3. Have an "unlocked agent" that your customer service person can use to answer a question and evaluate how well the agent performs in helping. Use this to drive your development roadmap.
4. If the "unlocked agent" becomes good at solving a problem, add that to the in-scope solutions.
Finally, you should probably have some way to test existing conversations when you make changes. (It's on my TODO list)
I've implemented this for a few small businesses, and the process is so seamless that no one has suspected interaction with an AI. For one client, there's not even a visible escalation step: they get pinged on their phone and take over the chat!
myhf · 16h ago
The purpose of customer support is to convince the customer that it is not worth their time to pursue support. A worse experience achieves that goal faster.
Using GenAI is a huge breakthrough in this field, because it is a socially acceptable way to tell someone you don't care about their issue.
politelemon · 15h ago
You've articulated it better than I could. I think, reading through this author's post, they've misunderstood the objectives.
The purpose has been achieved, in that there is a large drop rate. The product manager has met their goals, cut costs, and might be looking forward to their bonus.
It would be far more expensive to make the LLM behave effectively than it would be to do nothing. Any product manager that sincerely cared about customer support wouldn't be inflicting a personalised callous disregard for service. Instead they'd be focusing on improving documentation, help, and processes. But that's not innately quantifiable in a way that leads to bonuses, and therefore goes unnoticed.
risyachka · 22h ago
>> really don't understand how people given access to a pile of tools and data sources and unleash them on customers
It’s pretty simple. When a non-tech person sees faked demos of what it can do - it looks epic and everyone extrapolates results and thinks AI is that good.
small_scombrus · 16h ago
Doubly so if the person deciding what gets implemented doesn't really get what their staff actually do.

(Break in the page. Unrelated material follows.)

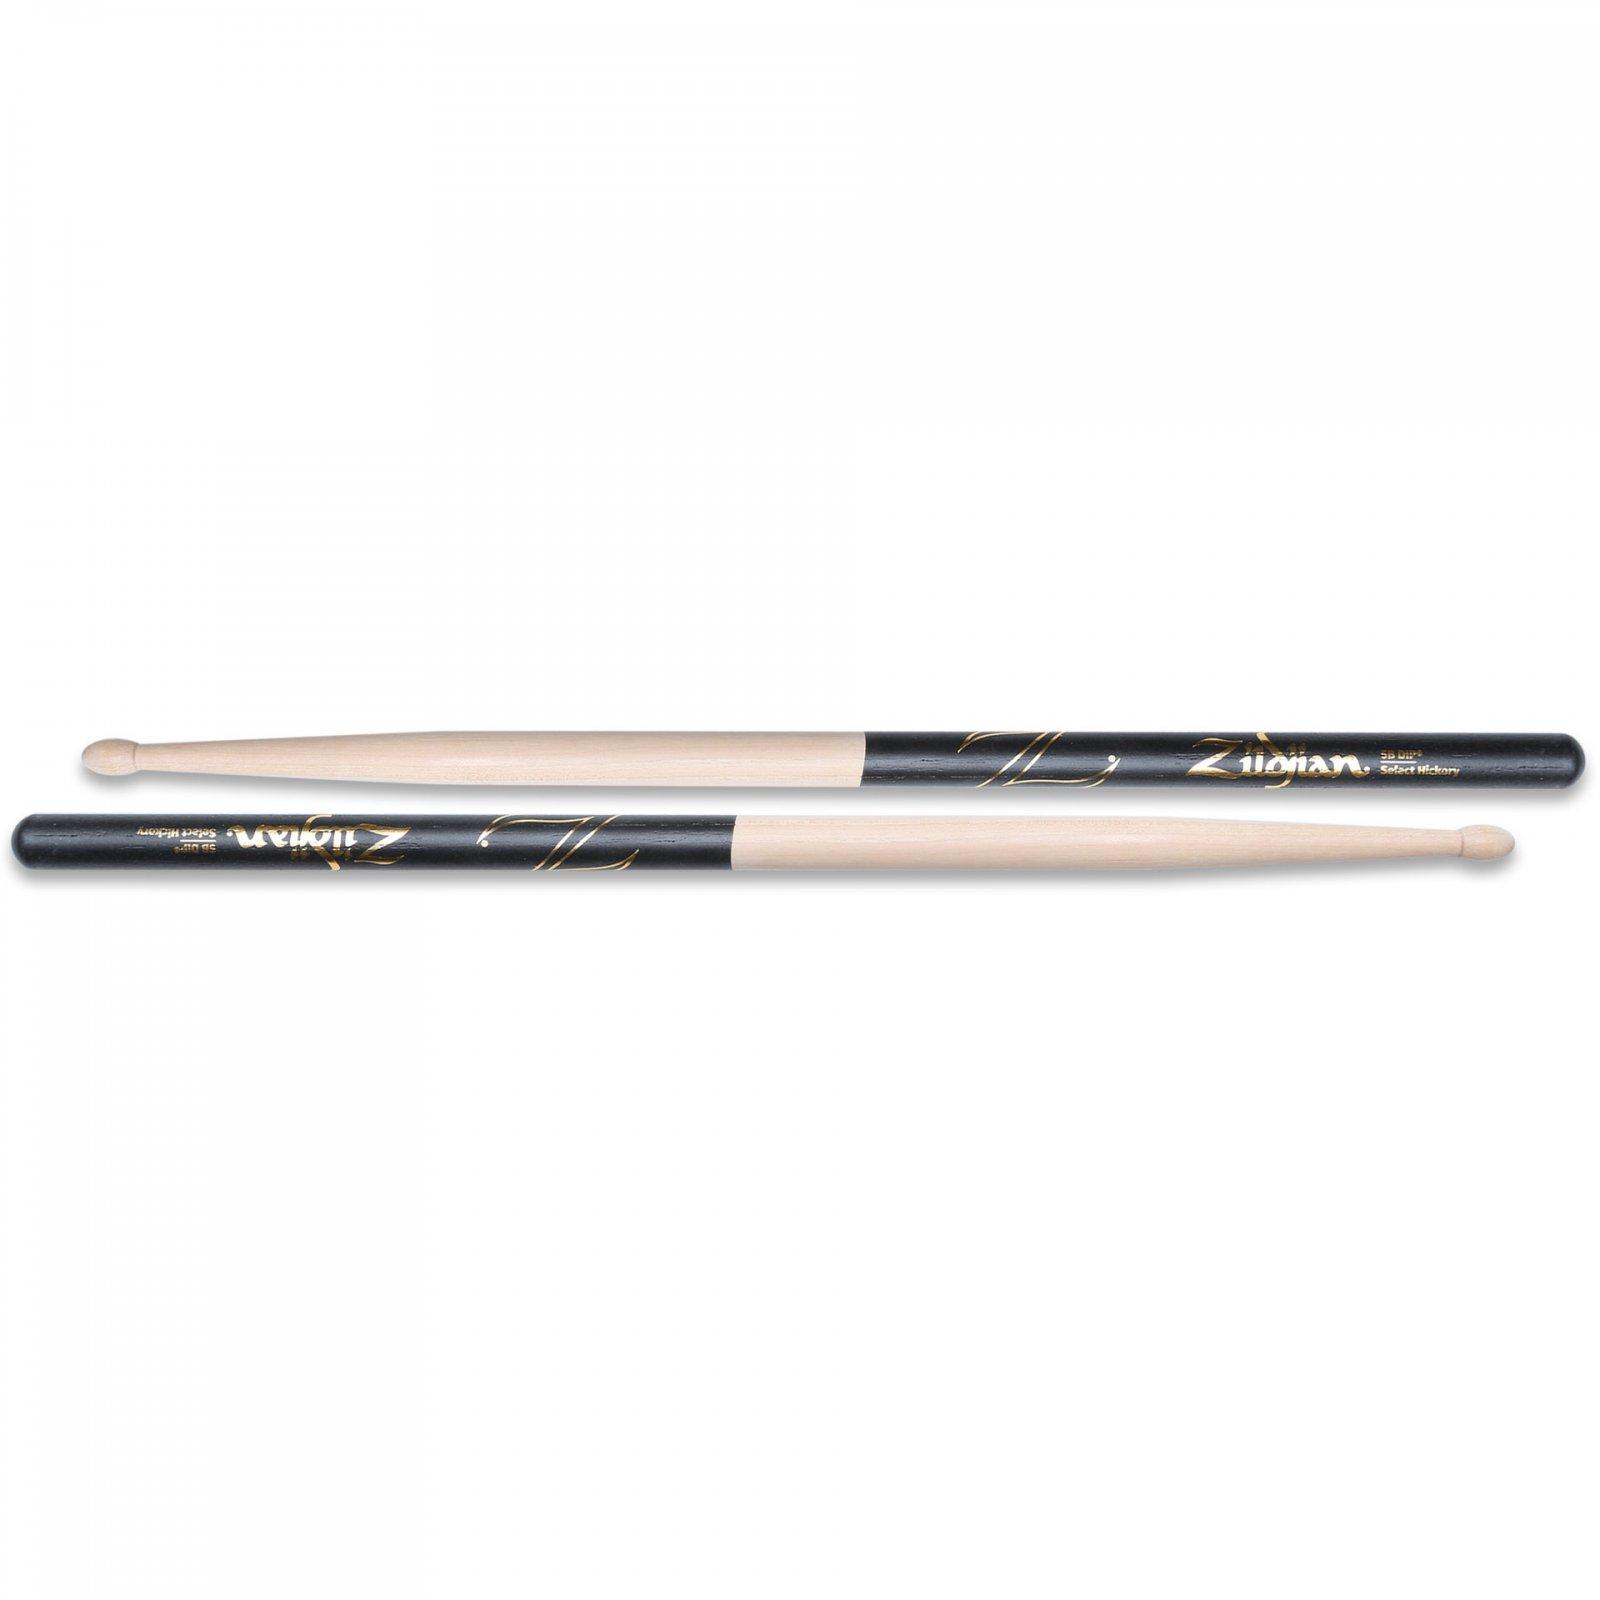 Zildjian 5B Dip Hickory Drum Sticks - Wood Tip

LLMs ability to give convincing sounding answers is like catnip for service desk managers who have never actually been on the desk itself
gillesjacobs · 23h ago
Nice framing for PMs, but technically it is way too rosy. MCP is real but still full of low utility services and security issues, so “skills as plug-ins” is not production ready. A2A protocols were only just announced this year (Google, etc.) and actual inter-agent interoperability is still research grade, with debugging across agents being a nightmare. Orchestration layers (skills, workflows, multi-agent) look clean in diagrams but turn into brittle state machines under load. LLM “confidence scores” are basically uncalibrated logits dressed up as probabilities.
In short: nice industry roadmap, but we are nowhere near robust, trustworthy multi-agent systems yet.
gabriel666smith · 23h ago
The idea of giving an LLM with a tool any kind of control over an actual user's account remains (though you put this more elegantly) batshit insane to me.
Even assuming you've correctly auth'd the user contacting you (big assumption!), allowing that user to very literally prompt a 'semi-confident thing with tools' - however many layers of abstraction away the tool is - feels very, very far away from a real-world, sensible implementation right now.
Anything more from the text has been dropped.